### GOAL OF THE EXERCISE
Everything from the line that has "nike girls soccer shorts" to the last line of the listing must be repeated exactly, and nothing more; omit the pictures.
Segment Start: DATA EXTRACT
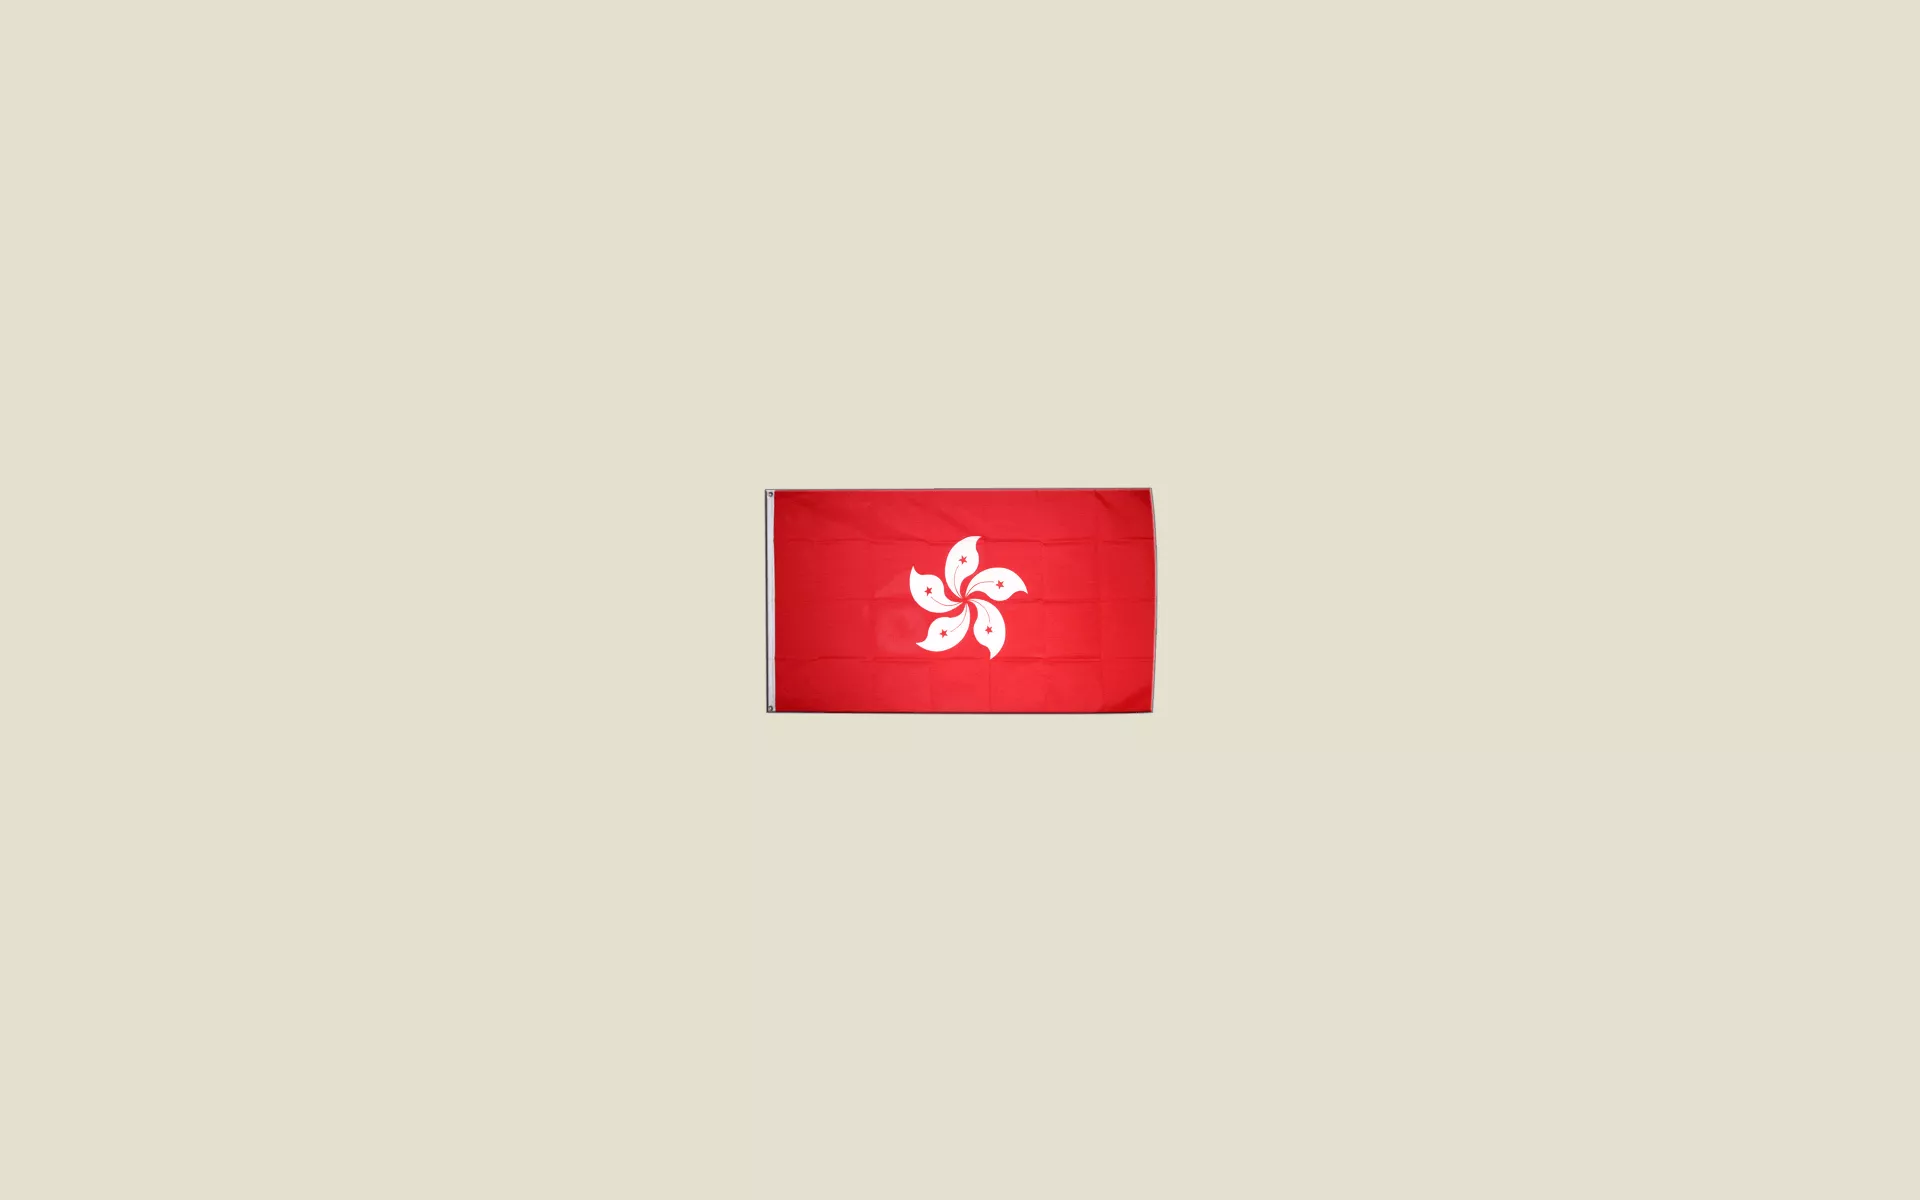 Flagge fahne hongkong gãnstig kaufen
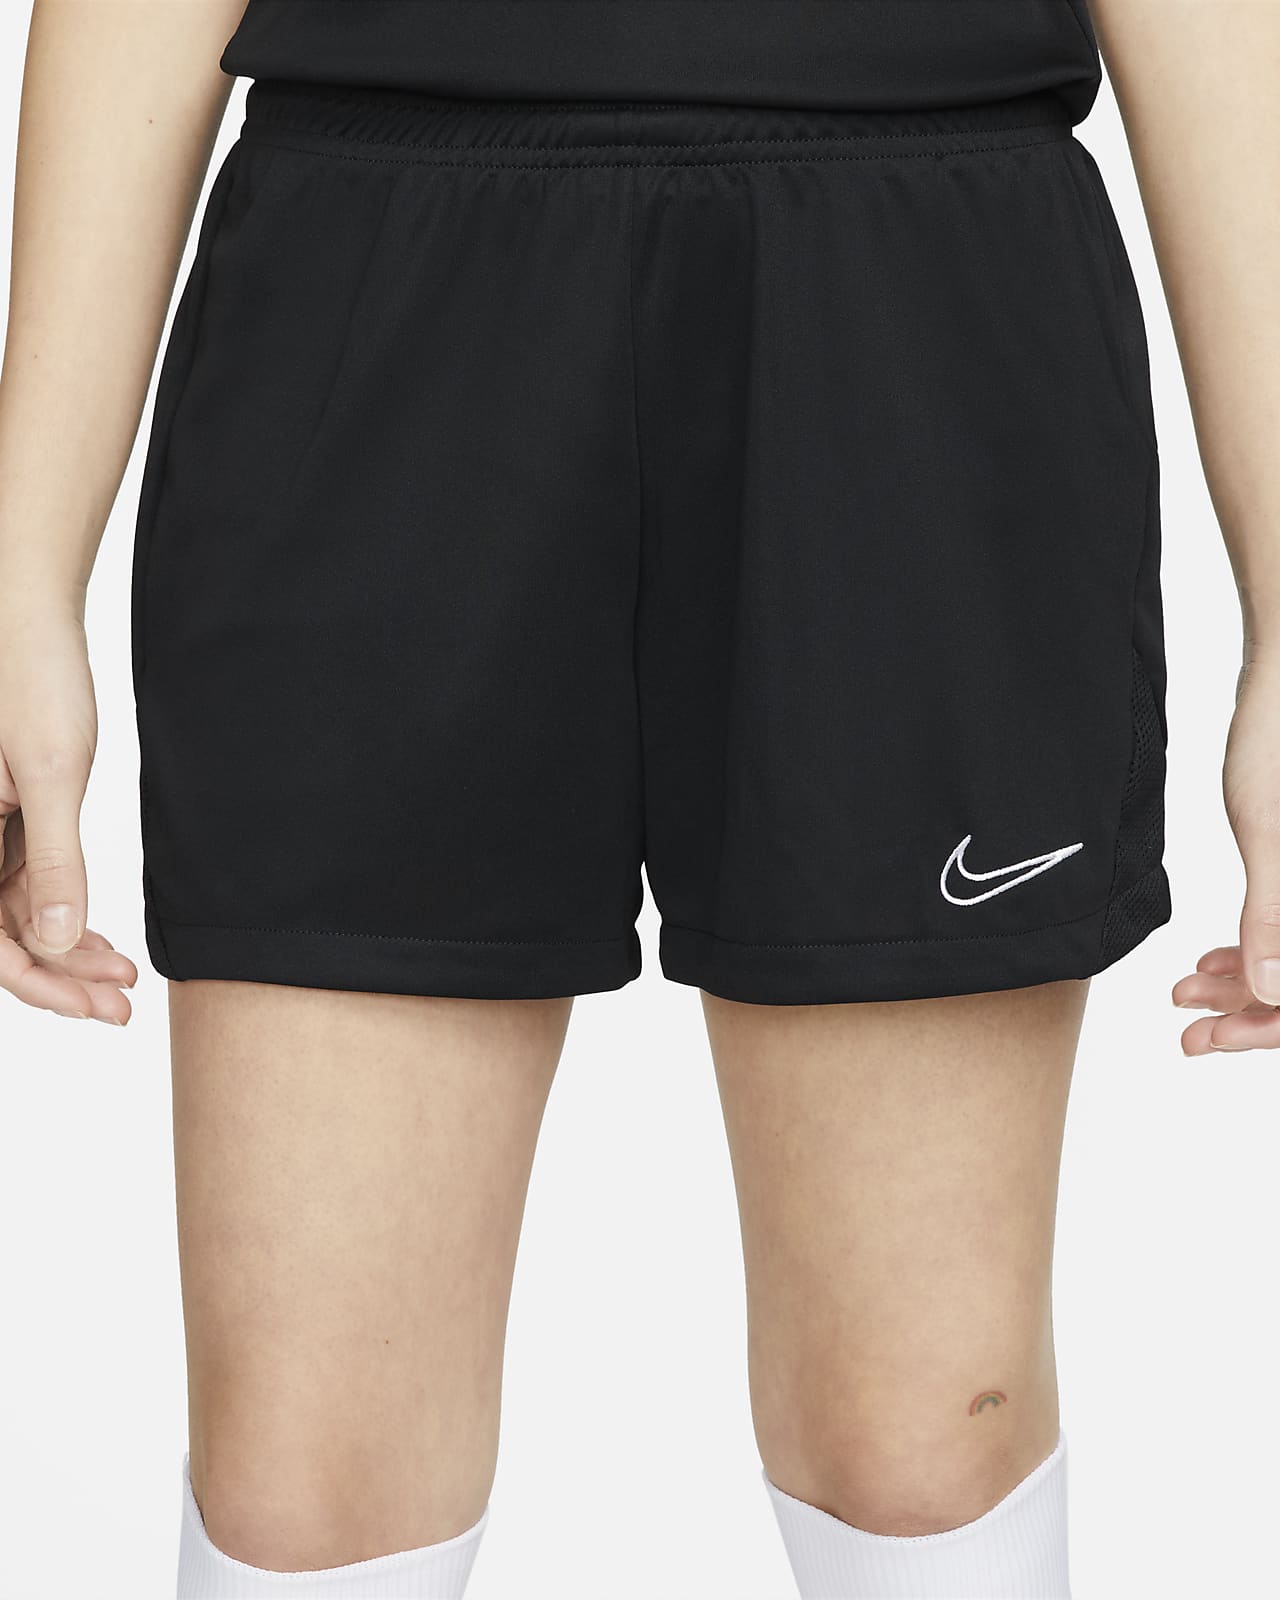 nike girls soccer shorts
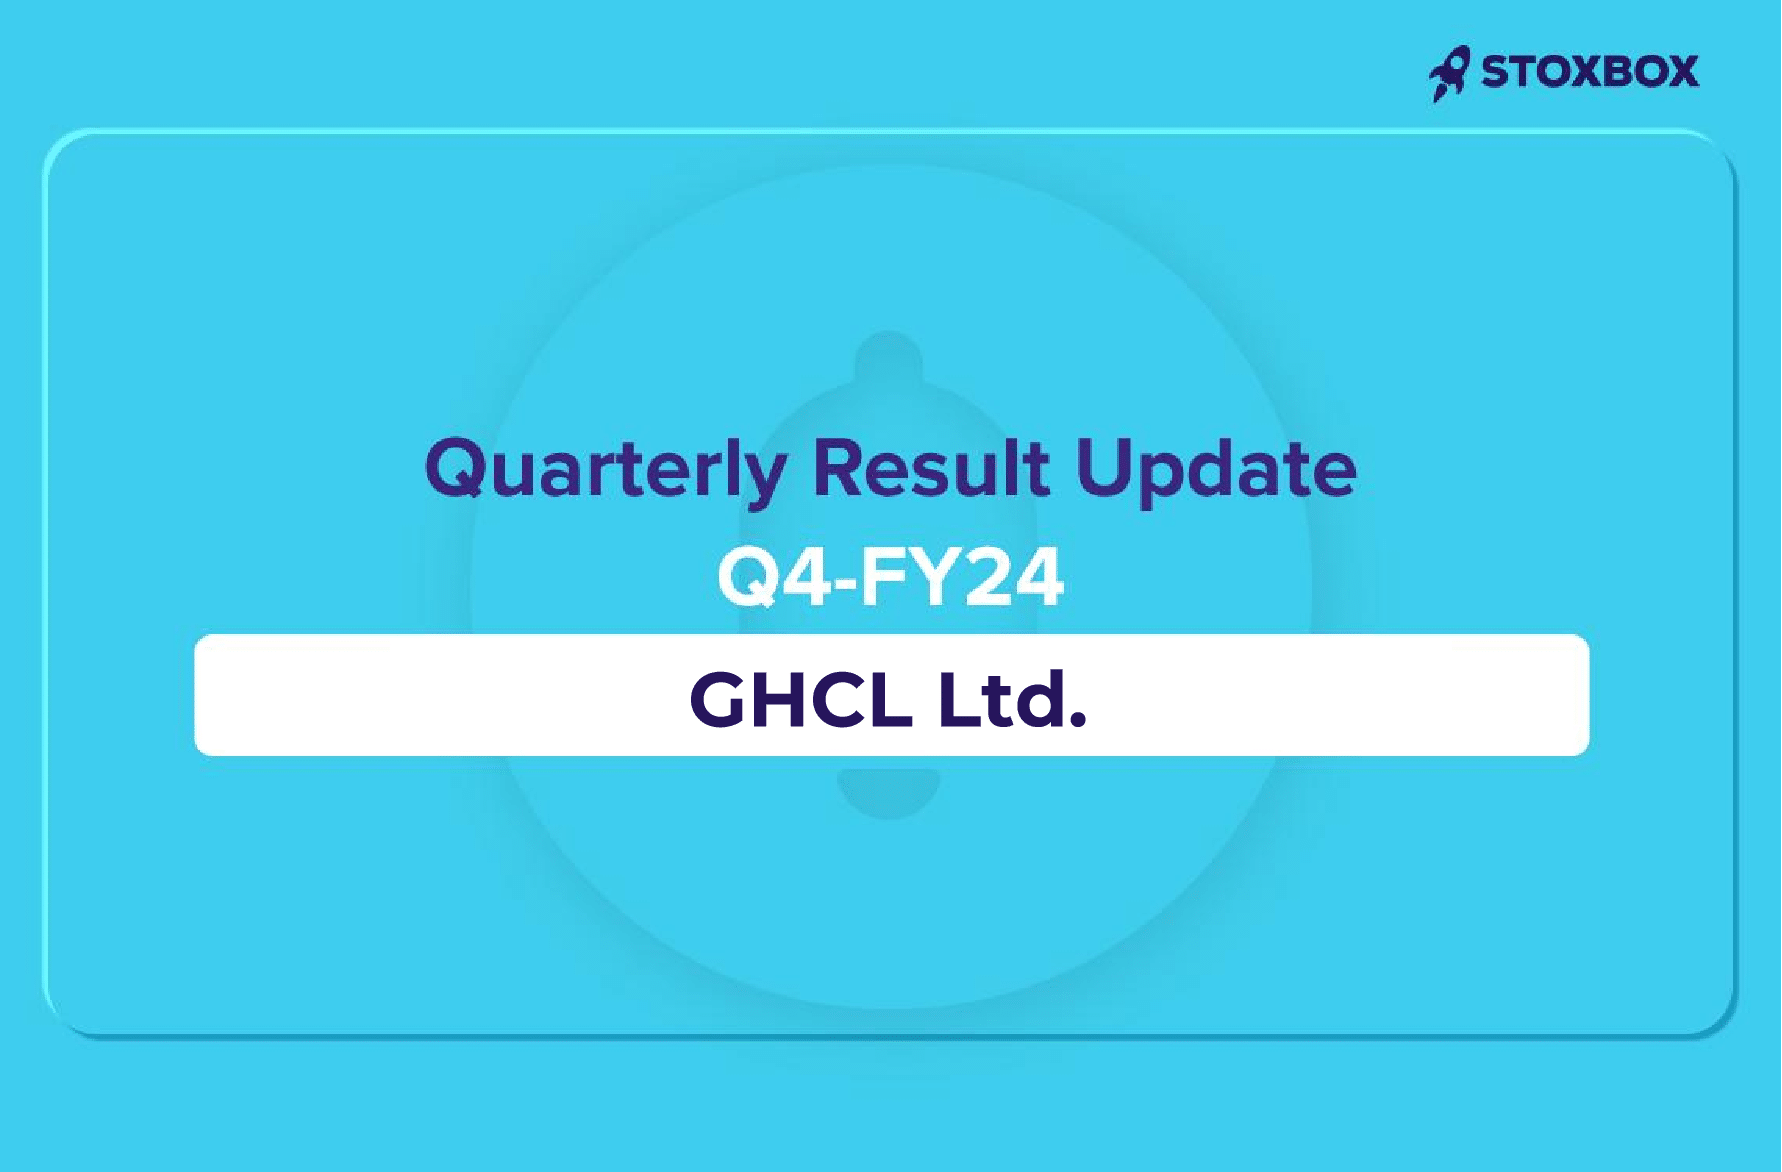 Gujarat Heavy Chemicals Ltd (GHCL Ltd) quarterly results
Segment End: DATA EXTRACT
### SOLUTION BELOW
 nike girls soccer shorts
 Gujarat Heavy Chemicals Ltd (GHCL Ltd) quarterly results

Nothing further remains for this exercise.